To evaluate the right-hand-side of the equations 23 and 24, both the chemical potential $\mu$ and the quasi-equilibrium temperature $T_{\mathrm{el}}$ must be calculated dynamically. $T_{\mathrm{el}}$ is uniquely determined by the electron density and the total electron energy density of the current distribution $\{f_{k}\}$ and $\mu$ is uniquely determined by the electron density (for a given $T_{\mathrm{ph}}$ ). Hence, both can be obtained by solving the optimization problem of matching the density and total energy density of the quasi-Fermi distribution to the current electron distribution. The optimizations are solved iteratively via Newton’s method. Note that this process requires multiple evaluations of the Fermi function, which represents the largest contribution to the computational costs of this approximation.

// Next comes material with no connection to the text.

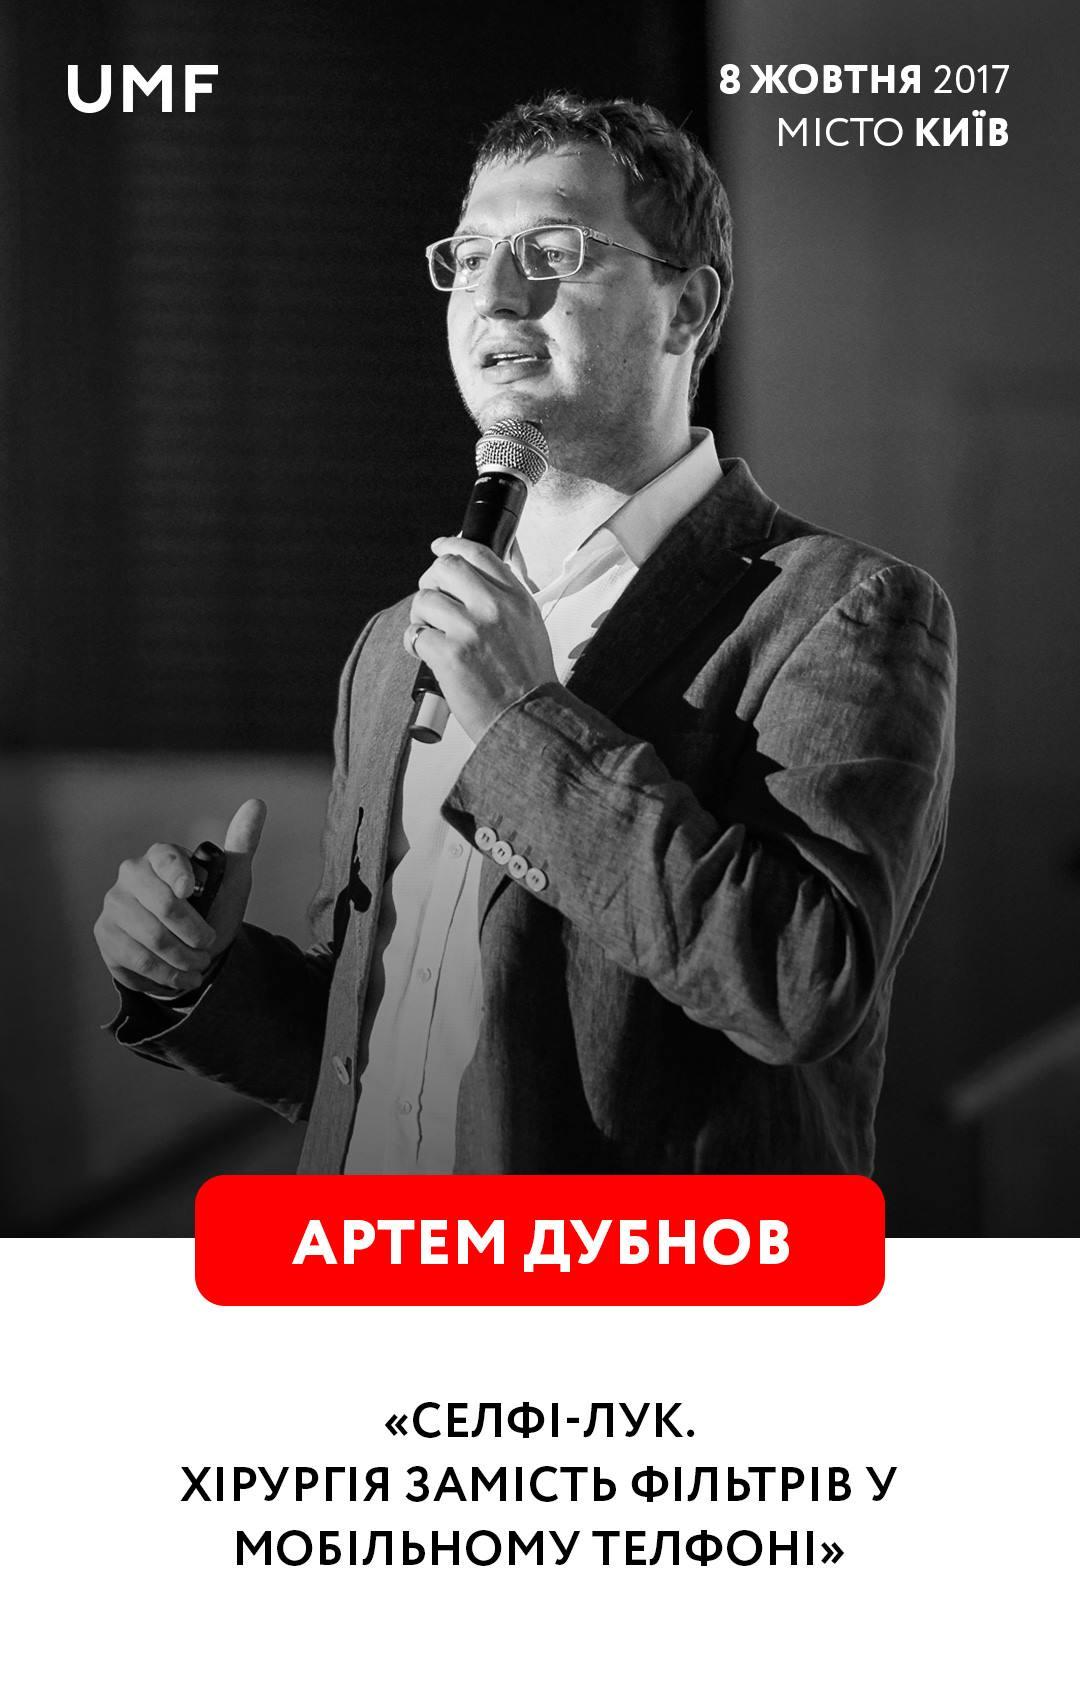 UMF 2_Artem's presentation

To setup the two-temperature approximation, one must also determine the time constants $\tau_{\mathrm{el}}$ and $\tau_{\mathrm{ph}}$ . Since, we have the microscopic model at hand, we treat the time constants as fit parameters, which are to be determined from a sample trajectory. For that purpose, we simulate the electron-phonon system without the photon intensity. The phonons are initialized with a $T=300\,\mathrm{K}$ Bose-Einstein distribution and the electrons with an out-of-equilibrium Gaussian distribution. The electron-phonon interactions then drives the coupled system towards an equilibrium state, which is characterized by a common temperature.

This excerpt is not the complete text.